2. Unconventional recurrence relations

If ρ _max denotes one half of the part’s clear aperture, a rotationally symmetric asphere’s shape is specified here in cylindrical polar coordinates as

z = \frac{c ρ^{2}}{1 + \sqrt{1 - c^{2} ρ^{2}}} + \frac{u^{2} (1 - u^{2})}{\sqrt{1 - c^{2} ρ^{2}}} \sum_{m = 0}^{M} a_{m} Q_{m} (u^{2}),

where c is the curvature of the best-fit sphere, u is the normalized radial coordinate defined by max u:=(ρ/ρ _max), and Q_m(x) is a polynomial of order m. The coefficients written as a_m serve to characterize the asphere’s departure from its best-fit sphere. Note that I typically drop the superscript on Q ^bfs _m(x) now because this is the only one of the bases from [1] that is used in this work. This basis is constructed so that

(\frac{2}{π}) \int_{0}^{1} S_{m} (u) S_{n} (u) \frac{1}{\sqrt{1 - u^{2}}} d u = δ_{mn},

where δ_mn is Kronecker’s delta and the normal slope of the basis members is defined by

S_{m} (u) ≔ \frac{d}{d u} [u^{2} (1 - u^{2}) Q_{m} (u^{2})] .

The normalization factor in Eq. (2.2) follows from

\int_{0}^{1} \frac{1}{\sqrt{1 - u^{2}}} d u = \frac{π}{2} .

Notice that the additive aspheric term in Eq. (2.1) corresponds to deviation measured along the axis. To first order, this is converted to departure along the surface normal by multiplying it by a cosine factor. This conversion is why the square root in the denominator in Eq. (2.1) is absent from Eq. (2.3). A sample of these basis members is plotted in Fig. 1 together with their normal slopes. The clear sine-like character of S_m(u) is intuitively consistent with the fact that the mean of the squared normal slope is just the sum of the squares of the a_m coefficients, see Eq. (15) of [1].

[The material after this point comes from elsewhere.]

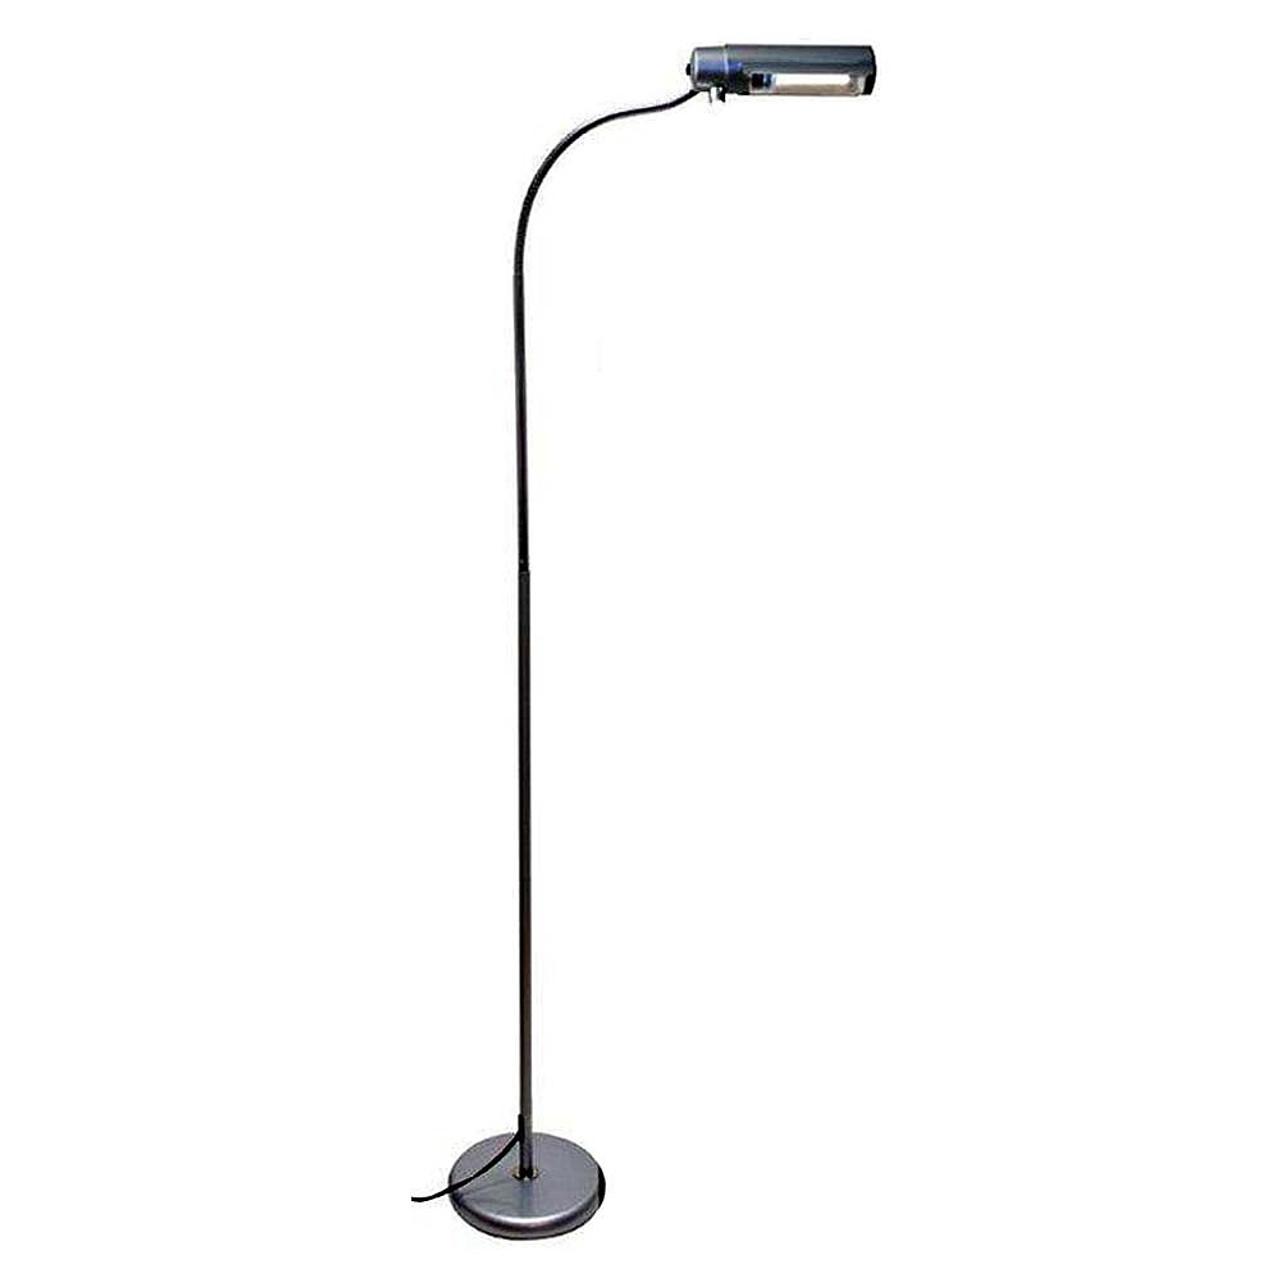 Avian Sun Deluxe Uv Floor Lamp Stand For Parrots No Bulb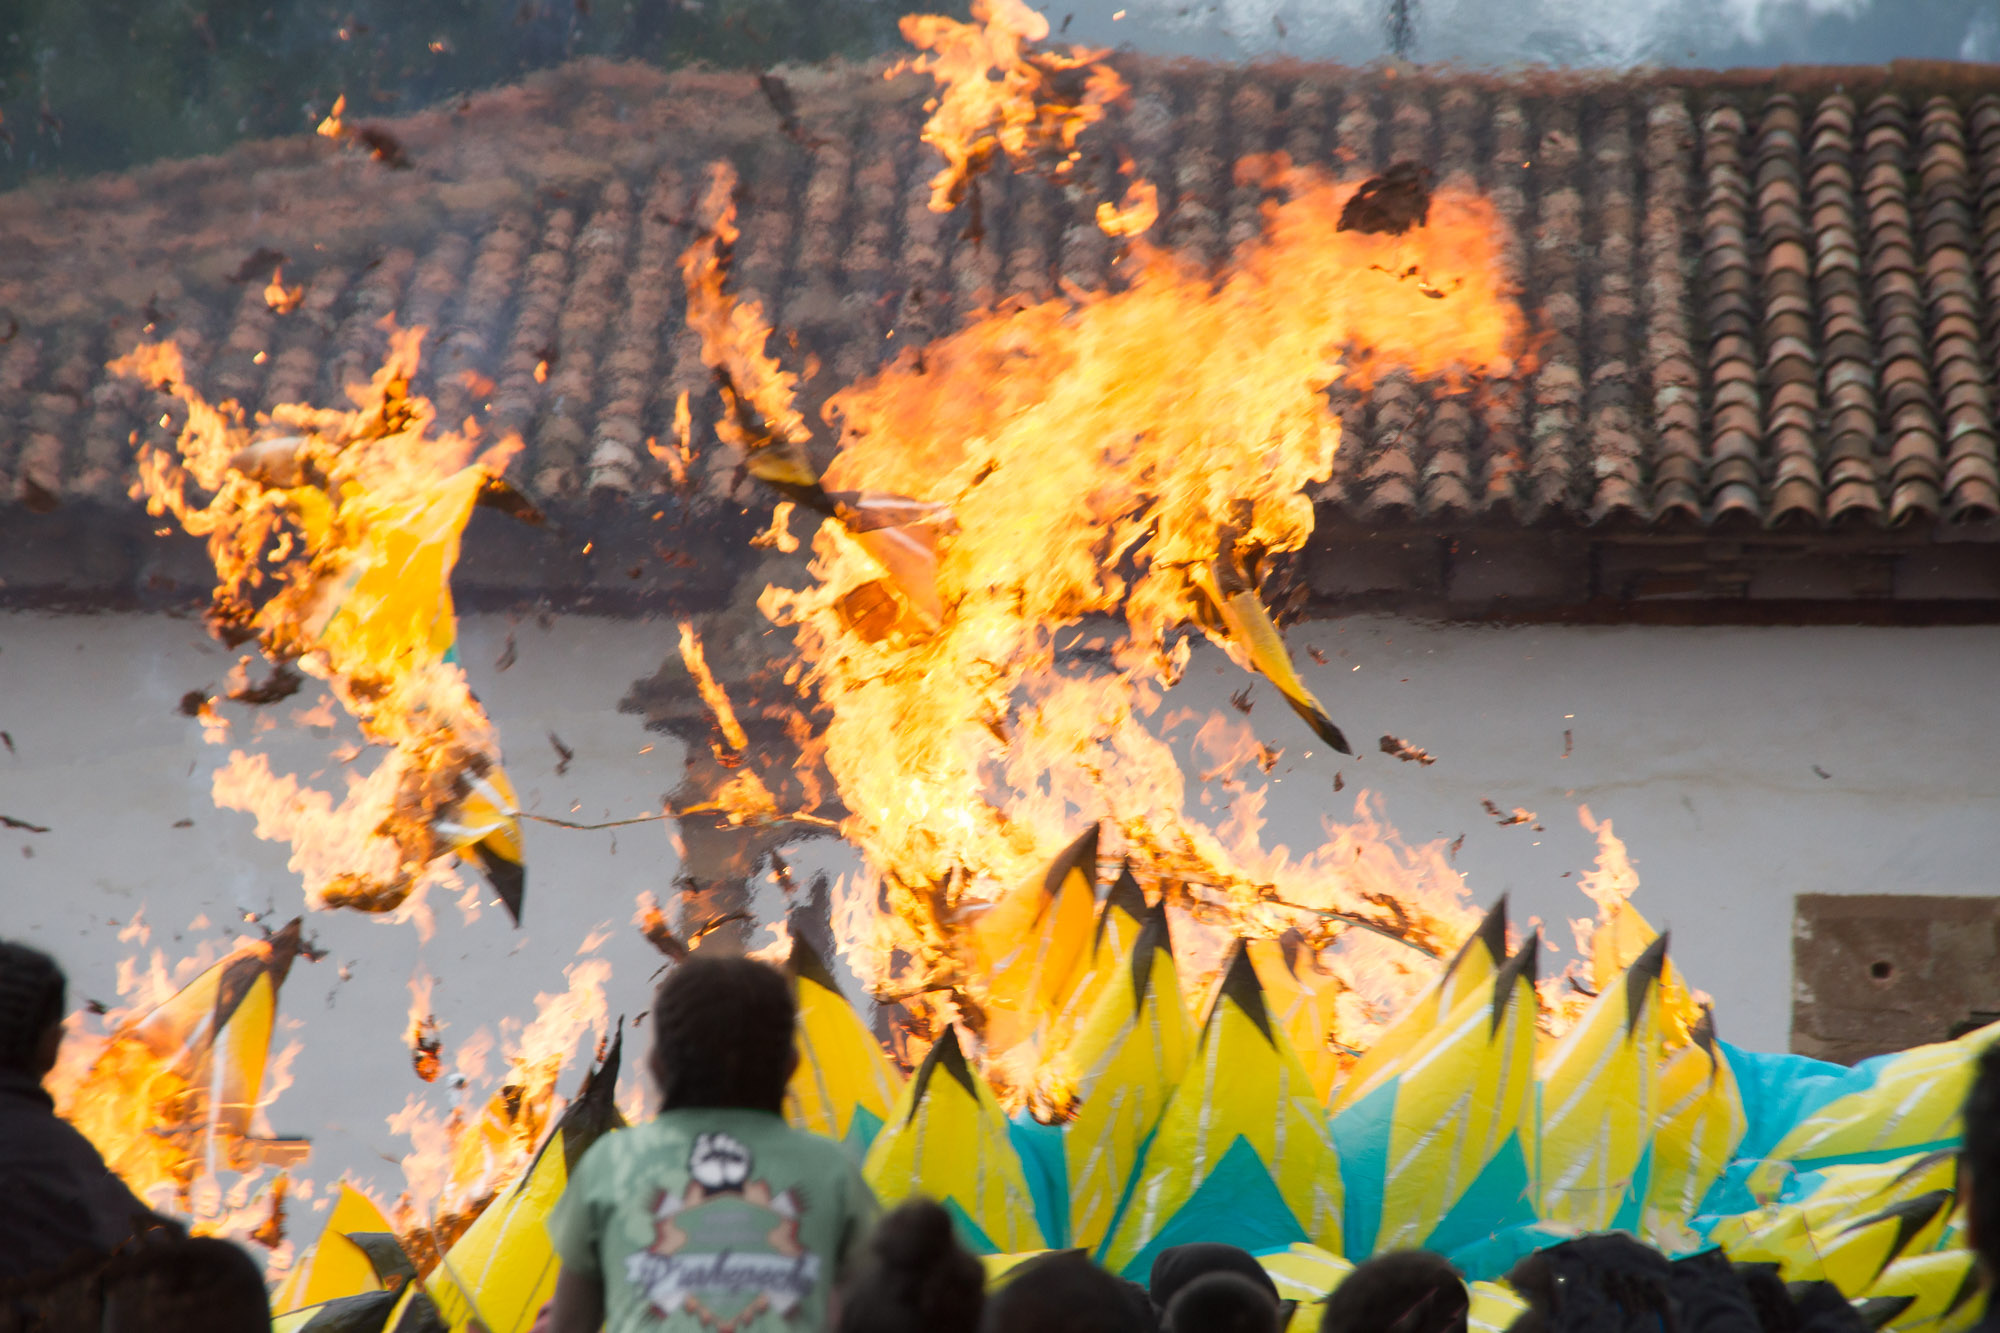 Flaming Porcupine   CantoyaFest: Pátzcuaro, Michoacán, Mexico — Sunday, July 23, 2017

Fig. 1. A sample of the slope-orthogonal polynomials used in this work. By construction, they are not only orthogonal in slope, but normalized so that their mean square slope is unity.

Download Full Size | PDF

It is shown in Appendix A that {Q ^bfs _m(x)} is simply related to a particular family of standard polynomials. In particular, Eq. (A.12) can be written more explicitly as

P_{m} (x) = f_{m} Q_{m} (x) + g_{m - 1} Q_{m - 1} (x) + h_{m - 2} Q_{m - 2} (x),

where P_m(x) is a scaled Jacobi polynomial. An efficient process for evaluating the constants f_m, g_m, and h_m is given in Eqs. (A.14–16) of Appendix A. It follows from Eq. (A.4) together with 22.7.1 and 22.4.1 of [6], that these auxiliary polynomials can be generated robustly by a standard three-term recurrence relation of particularly simple form:

P_{m + 1} (x) = (2 - 4 x) P_{m} (x) - P_{m - 1} (x) .

Equation (2.6) is initiated with P ₀(x) = 2 and P ₁(x) = 6 − 8x. A sample of these polynomials is plotted in Fig. 2. As can be seen from Eq. (A.6), the envelope drawn in Fig. 2 is given by 2u(1 − u ²), which peaks at u=3^-1/2 ≈ 0.58 where it takes the value 3^-1/2 4/3 ≈ 0.77.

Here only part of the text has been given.